Gustavo, um Brasileiro.

texto retirado do jornal Zero Hora, 10/02/07

Dia desses, ouvi uma brincadeira. Era mais ou menos assim: "Ah, é, o Guga perdeu? E qual a novidade disso?". Fiquei chateado. Imediatamente, me veio uma lembrança da Copa de 1998, na França. Gustavo Kuerten estava em Paris para tentar o bi em Roland Garros, vencido por ele mesmo no ano anterior em uma final inesquecível contra o espanhol Sergi Bruguera. Guga já era o "Pelé do Tênis, que sabe fazer tudo como ninguém", conforme observou Gianni Clerici, respeitado jornalista especializado em tênis do La Republica, da Itália. Quatro anos depois, em 2001, Guga se consagraria tricampeão em Roland Garros, já como número 1 do mundo.
Mas voltemos a 1998.

Guga já era Guga quando visitou Lésigny, onde estava concentrada a Seleção. Era amigo de Denílson. E Denílson era o Perdigão daquela Copa. Fazia piadas, tirava onda com todo mundo. Pessoas como Denílson e Perdigão fazem amizades com naturalidade espantosa. Denílson conheceu Guga meses antes e, quando soube que estariam os dois em Paris por aqueles dias, o convidou para visitar o Chateau de Grand Romaine, castelo convertido em casa do Brasil na Copa. Guga chegou lá, brincou de tocar pandeiro, fez a alegria dos fotógrafos e, claro, concedeu entrevistas. Já tinha o que precisava para Zero Hora, mas o Diário Catarinense queria um material ampliado, e eu esperava minha vez de bater um papo mais longo, de cantinho, quem sabe com uma ou outra frase exclusiva, mesmo no meio daquele mundaréu de gente, sabe como é repórter. Guga conversava com um radialista do interior de Goiás, mas tinha prometido que eu seria o próximo. Então, chegou o Tino Marcos, da Globo.

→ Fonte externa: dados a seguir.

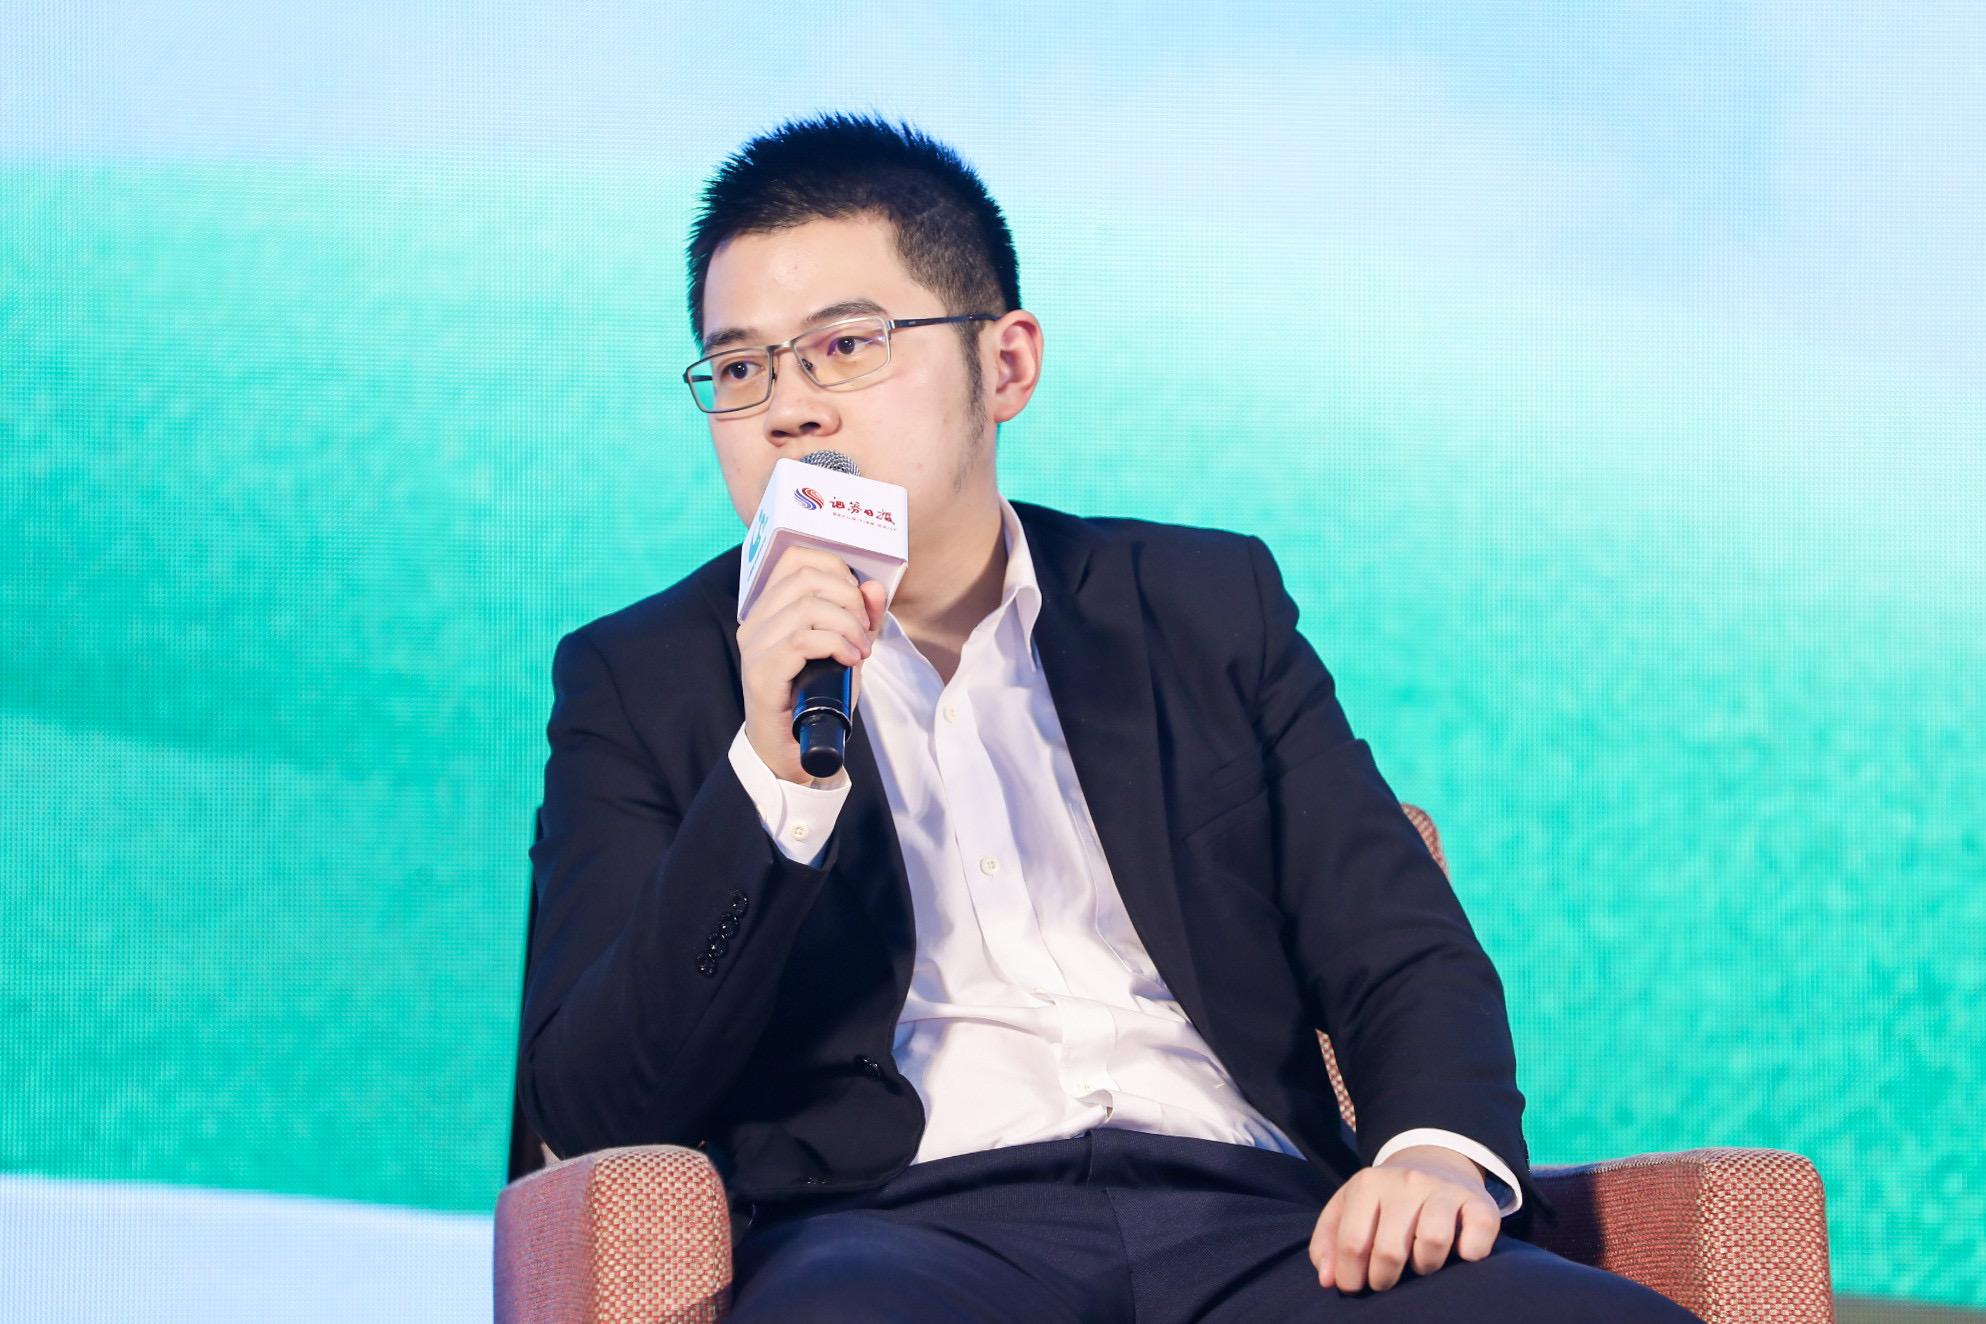 刘鹏:微场景的分析将会带来巨大的商机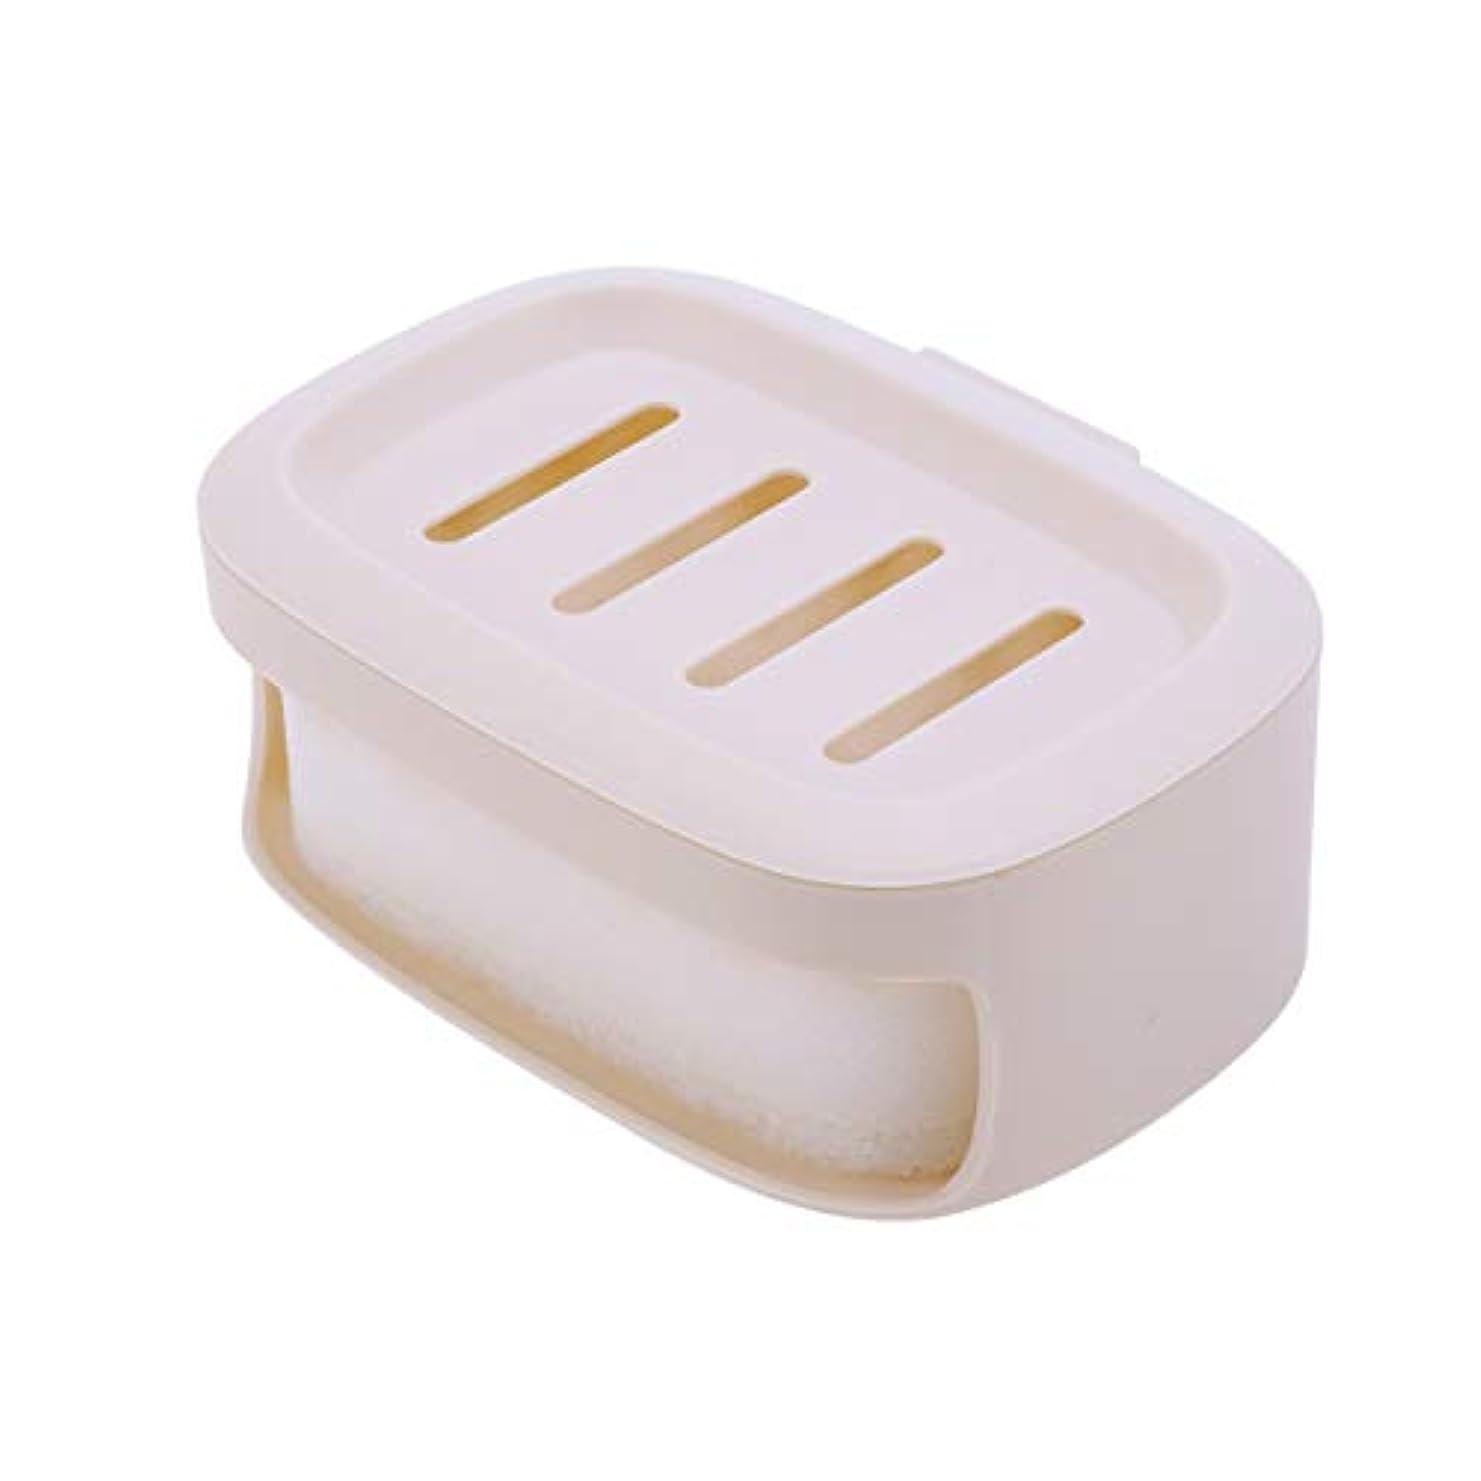 いいね配管工着替えるHEALIFTY ソープボックス防水ソープコンテナ浴室ソープ収納ケースソープホルダー(カーキ)

O Tino é um cara educadíssimo, gente boa mesmo. Vê dois gaúchos conversando e sai logo perguntando se tem lugar na confraria do chimarrão. Só que o Tino recém havia chegado aonde estavam Guga e os jogadores. TV é uma correria só. Tira o equipamento da van, faz entrevista, põe tudo na van de novo, vai gerar a imagem, sai correndo para a próxima pauta. Então, quando o Tino avistou o Guga, entrou de sopetão, nem deu tempo de olhar para os lados e tomar pé da situação. Queria sair logo gravando.

- Ô Guga, pode ser?

- Güenta aí, Tino. Deixa eu terminar aqui primeiro (com o radialista). Depois tem o parceiro ali da terrinha (eu, que ali estava pela RBS).

Deixei o Tino "furar a fila". Ele seria rápido, eu poderia conversar com o Guga logo depois, como realmente o fiz. Nunca mais esqueci esse episódio. Para ele, não importava se a entrevista na Globo seria vista por milhões de pessoas, enquanto nem uma fração disso o ouviria na rádio do interior. Poderia até ter acelerado a conversa para terminá-la logo, mas nem isso. Atendeu ao colega de Goiás até o seu entrevistador declarar encerrado o assunto. Respondeu até se, algum dia, havia escutado o berrante. Ali, o que valia era tratar a todos igualmente, respeitar quem chegou primeiro. Um gesto simples, mas cheio de significado em tempos de individualismo e intolerância.

Por isso fiquei chateado quando ouvi a brincadeira após a derrota no challenger de Florianópolis, esta semana. É mais ou menos nessa toada que vão as análises sobre sua tentativa de retorno às quadras após complicadas cirurgias no quadril. Quando ganhava todas era o ídolo, o exemplo, a manchete patriota. Agora que perde jogos na sua luta para voltar a fazer o que mais gosta, nada disso importa mais. É só descrença com pitadas de desrespeito. Tudo bem que esporte é momento e resultado, mas não dá para revogar o passado.

Quantos foram tri em Roland Garros? Quantos lideraram 17 semanas seguidas a Corrida dos Campeões? Quantos um dia venceram Roger Federer? E, o mais importante: quantos agiriam com aquele radialista lá do interior de Goiás como fez Guga? Não interessa se ele voltará a ser o campeão do passado. Vale, agora, o mérito de voltar, simplesmente. Além do mais, é arriscado duvidar de heróis. Chegou a hora de o Brasil acreditar em Gustavo Kuerten como ele sempre acreditou no Brasil.

Porque Guga, como bom brasileiro, não vai desistir.